Tu as pas beaucoup cherché quand même ...


----------



## spring27 (26 Septembre 2011)

salut a tous, j'ai le meme probleme, sauf que rien n'y fait, tout se décoche tout seul. 
c'est tres enervant, impossible de connaitre le niveau d'energie, plus de time machine etc.

c'est la cata


----------



## r e m y (26 Septembre 2011)

Cette case se decoche toute seule?


----------



## Kciel (8 Avril 2017)

Bonjour,

J'interviens dans cette discussion ancienne. 
Je suis confronté depuis ce matin au même problème : icône de la batterie absente et, en effet, la case que vous désignez dans les réglages / Economiseur d'énergie se décoche toute seule. 
En outre, les ventilateurs de mon MacBook Pro 15'' tournent à fond depuis ce matin…




r e m y a dit:


> Cette case se decoche toute seule?


----------



## rondor (29 Décembre 2020)

Kciel a dit:


> Bonjour,
> 
> J'interviens dans cette discussion ancienne.
> Je suis confronté depuis ce matin au même problème : icône de la batterie absente et, en effet, la case que vous désignez dans les réglages / Economiseur d'énergie se décoche toute seule.
> En outre, les ventilateurs de mon MacBook Pro 15'' tournent à fond depuis ce matin…

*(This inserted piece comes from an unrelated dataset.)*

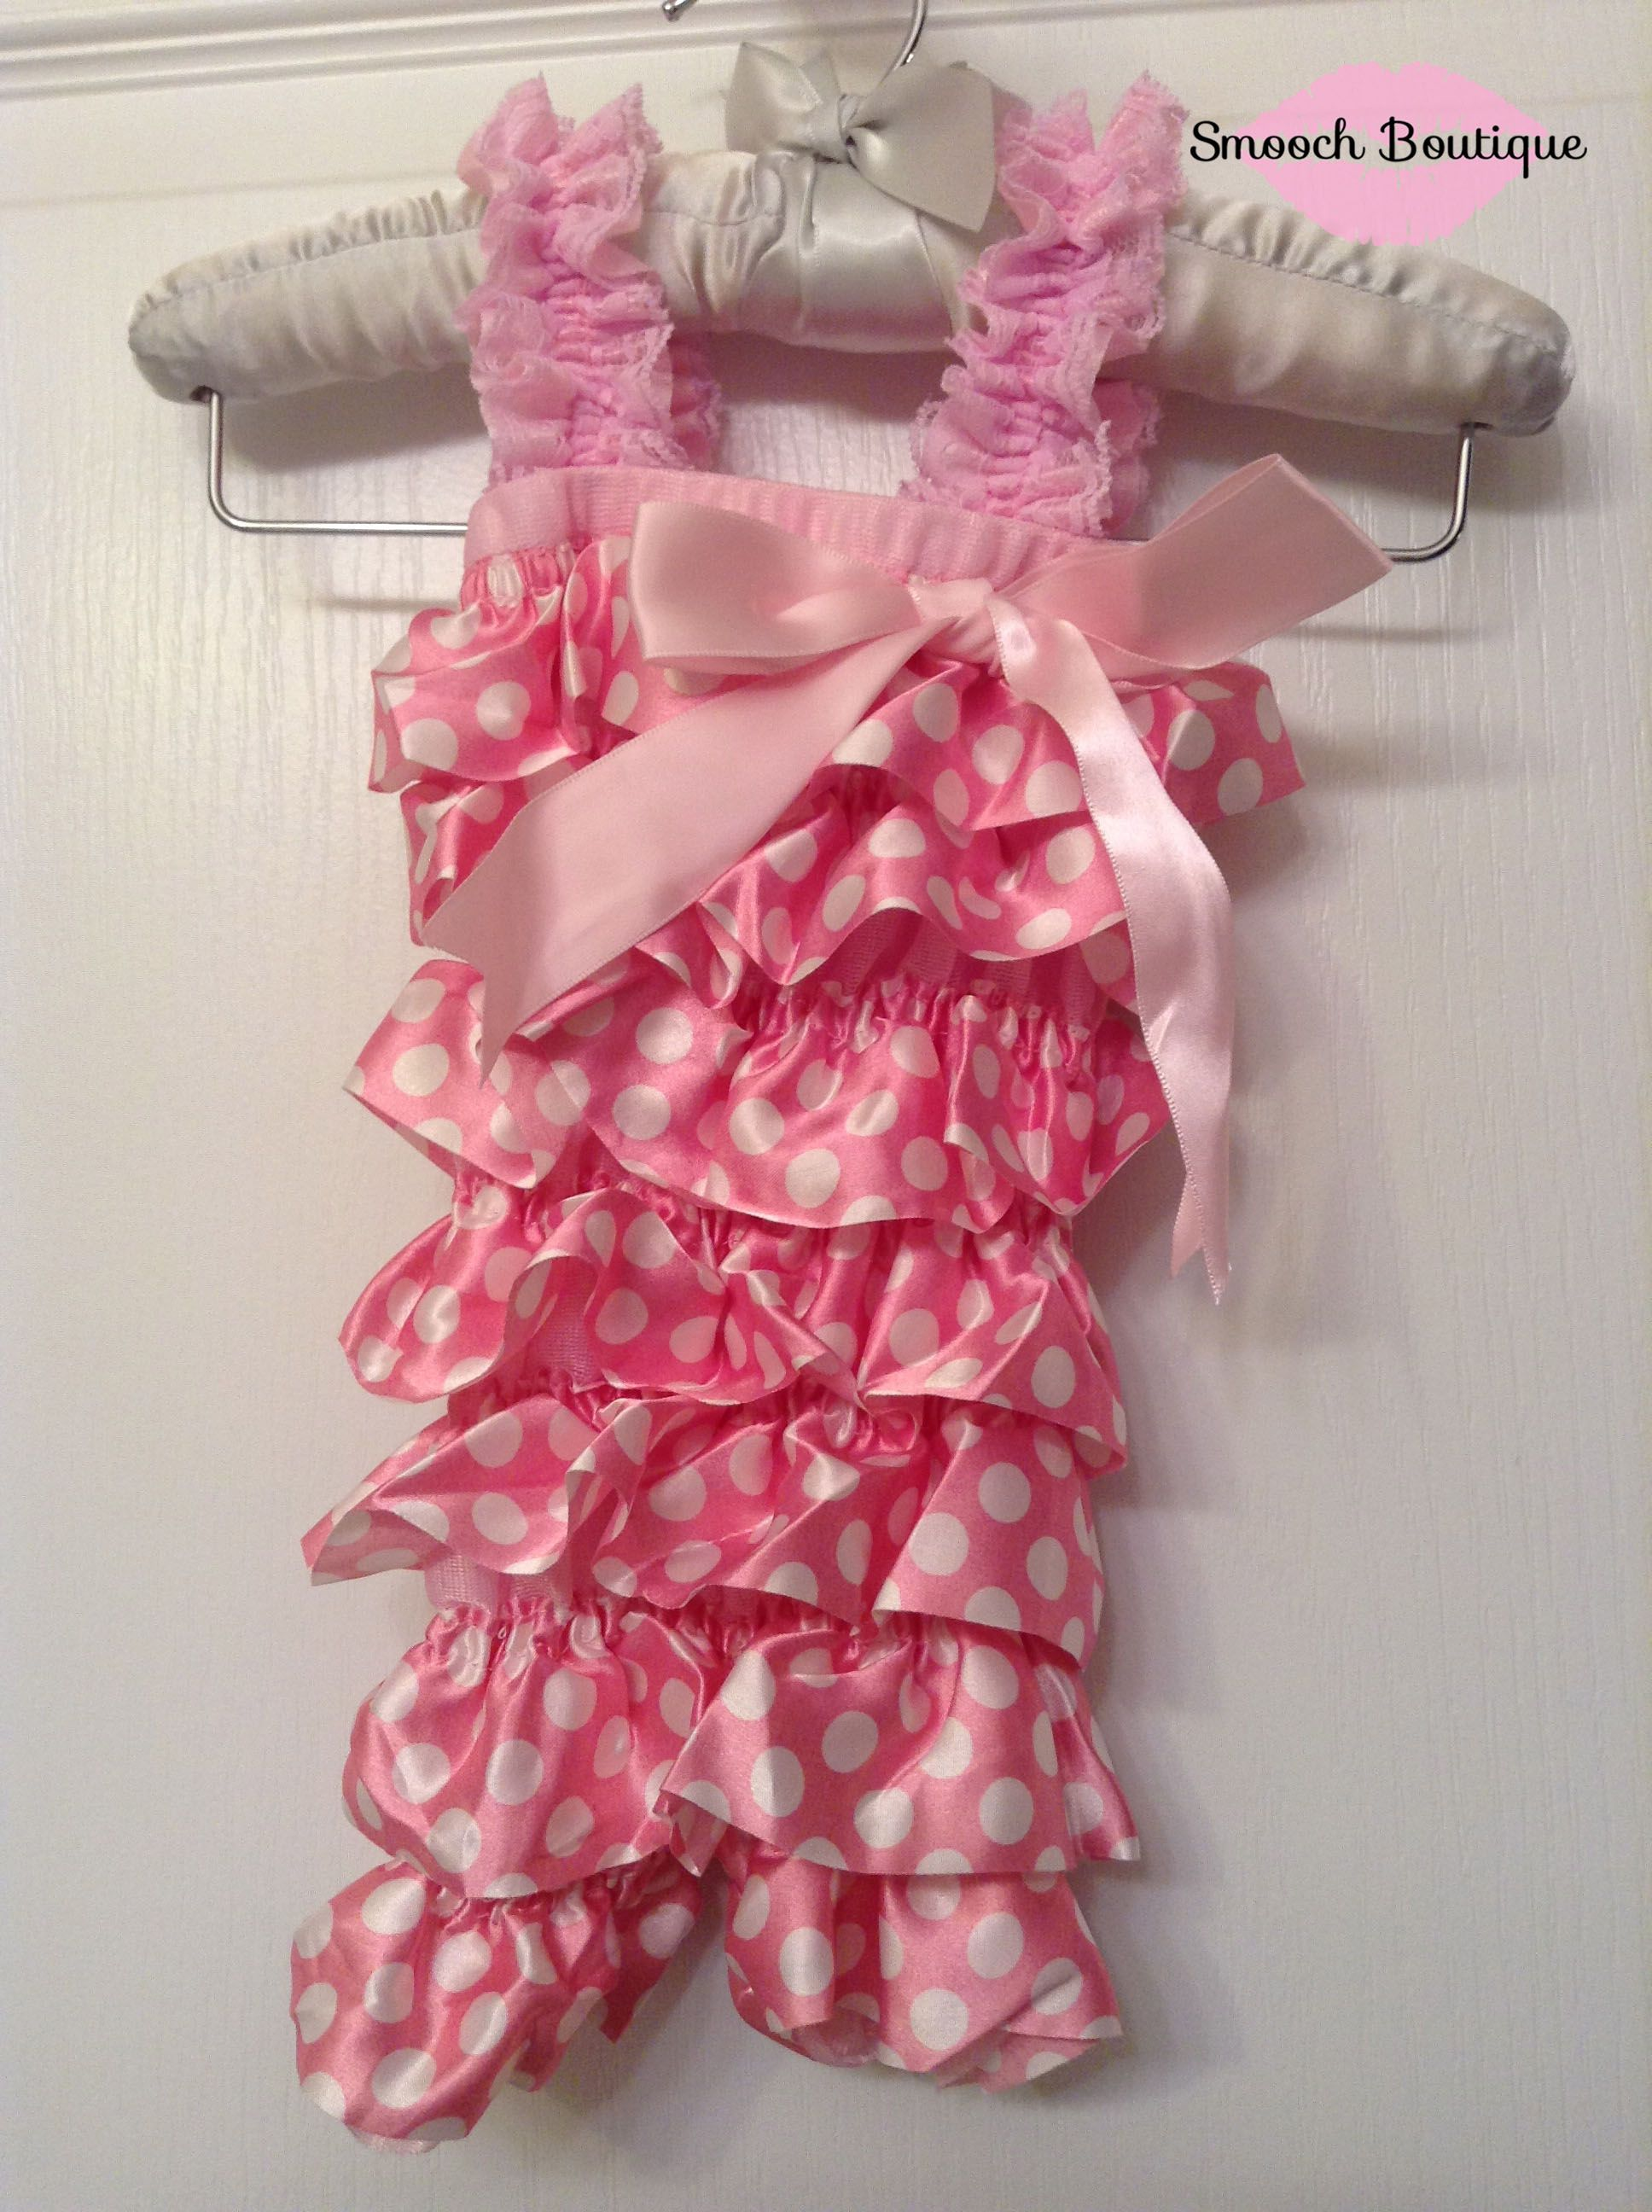 0959fe9e3f5c Soft Pink   White Polka Dot Satin Ruffle Petti Romper — Smooch Boutique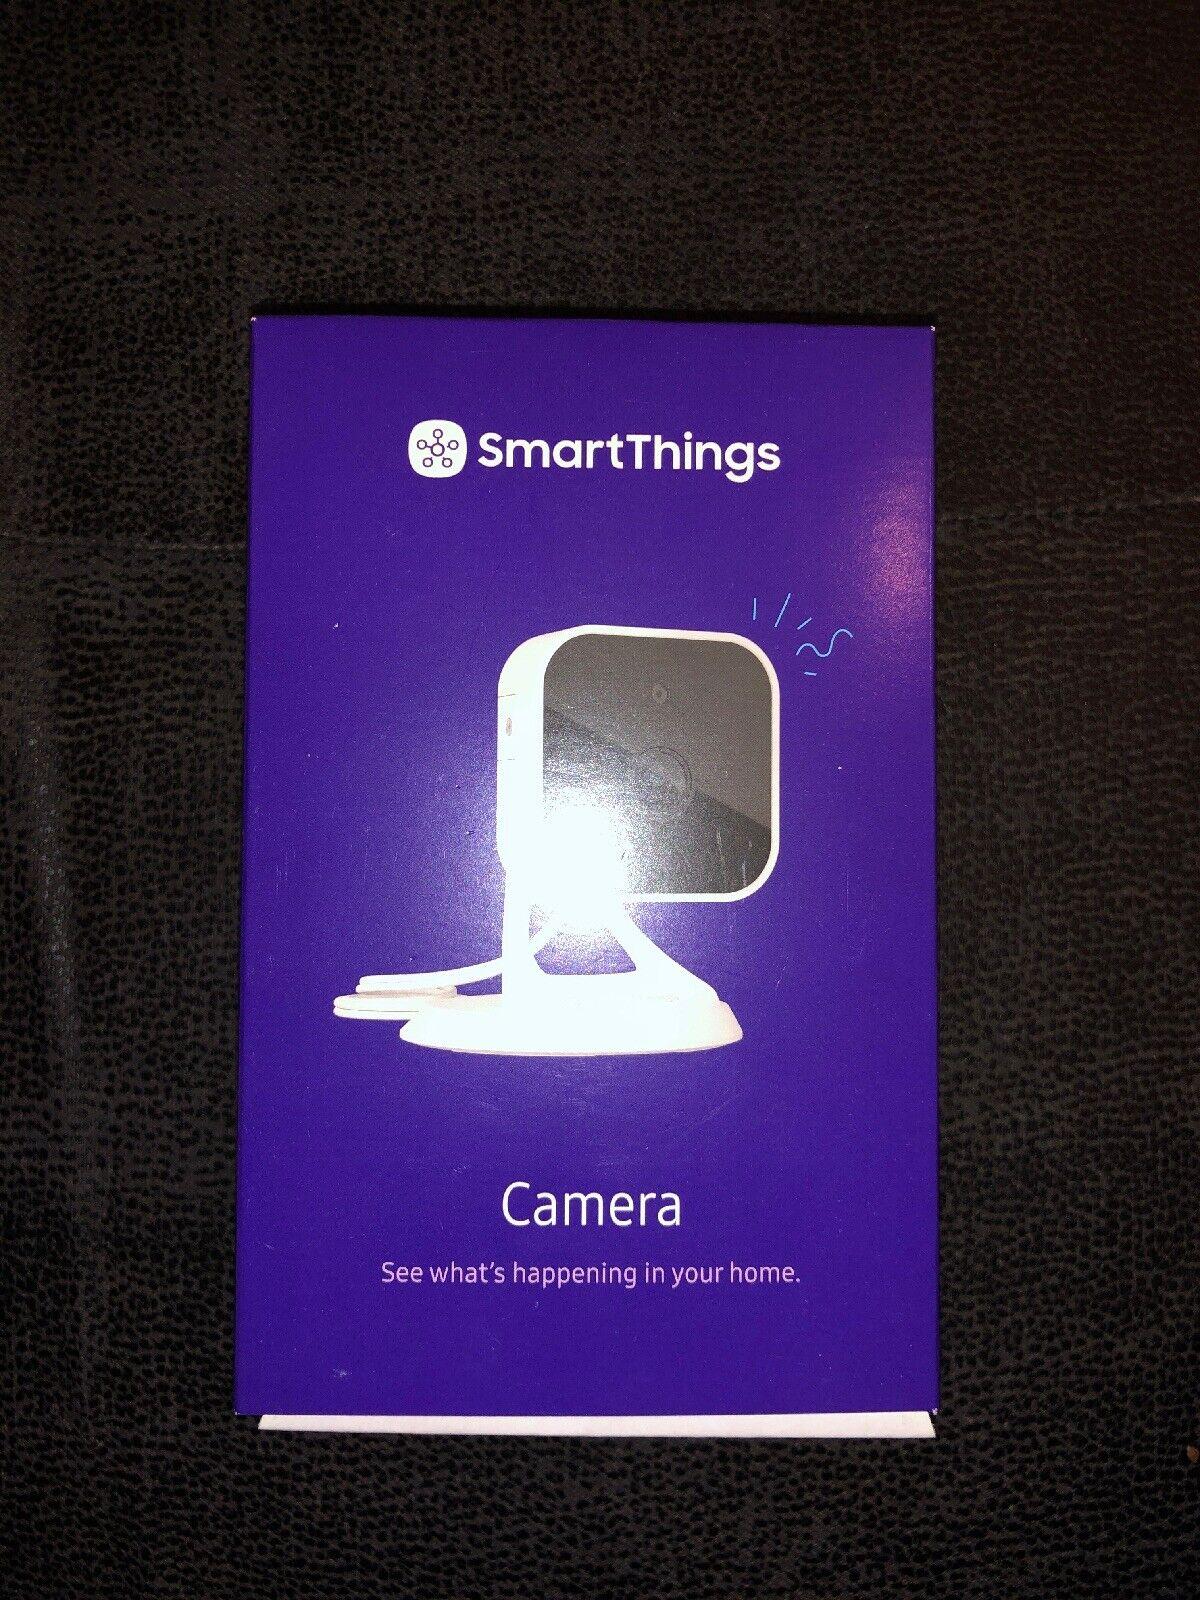 180Grad Panorama Kamera Überwachung Sicherheit Versteckt Smart Camera Wlan Wifi

Bonjour, j ai exactement le même soucis que vous, avez vous trouvé une solution ? merci d'avance


----------



## rondor (29 Décembre 2020)

Kciel a dit:


> Bonjour,
> 
> J'interviens dans cette discussion ancienne.
> Je suis confronté depuis ce matin au même problème : icône de la batterie absente et, en effet, la case que vous désignez dans les réglages / Economiseur d'énergie se décoche toute seule.
> En outre, les ventilateurs de mon MacBook Pro 15'' tournent à fond depuis ce matin…


exactement pareil que vous ! avez vous trouvez une solution ? merci d'avance Kciel


----------



## rondor (29 Décembre 2020)

C'est peut être un peu tard, mais j'ai eu le même problème qui c'est réglé tour seul.... j'ai laissé ma batterie se décharger totalement et le problème c'est résolu ! La led de mon câble c'est rallumée et l'icône est réapparue une fois sélectionne dans /préférences système/ économiseur d'énergie/afficher l'état de la batterie/ tout de bon et bonne fêtes


----------



## Sly54 (29 Décembre 2020)

rondor a dit:


> j'ai laissé ma batterie se décharger totalement et le problème c'est résolu ! La led de mon câble c'est rallumée et l'icône est réapparue une fois sélectionne dans /préférences système/ économiseur d'énergie/afficher l'état de la batterie/


Etonnant. Mais tant mieux !
N'hésite pas à faire une réinitialisation du contrôleur de gestion du système (SMC).


----------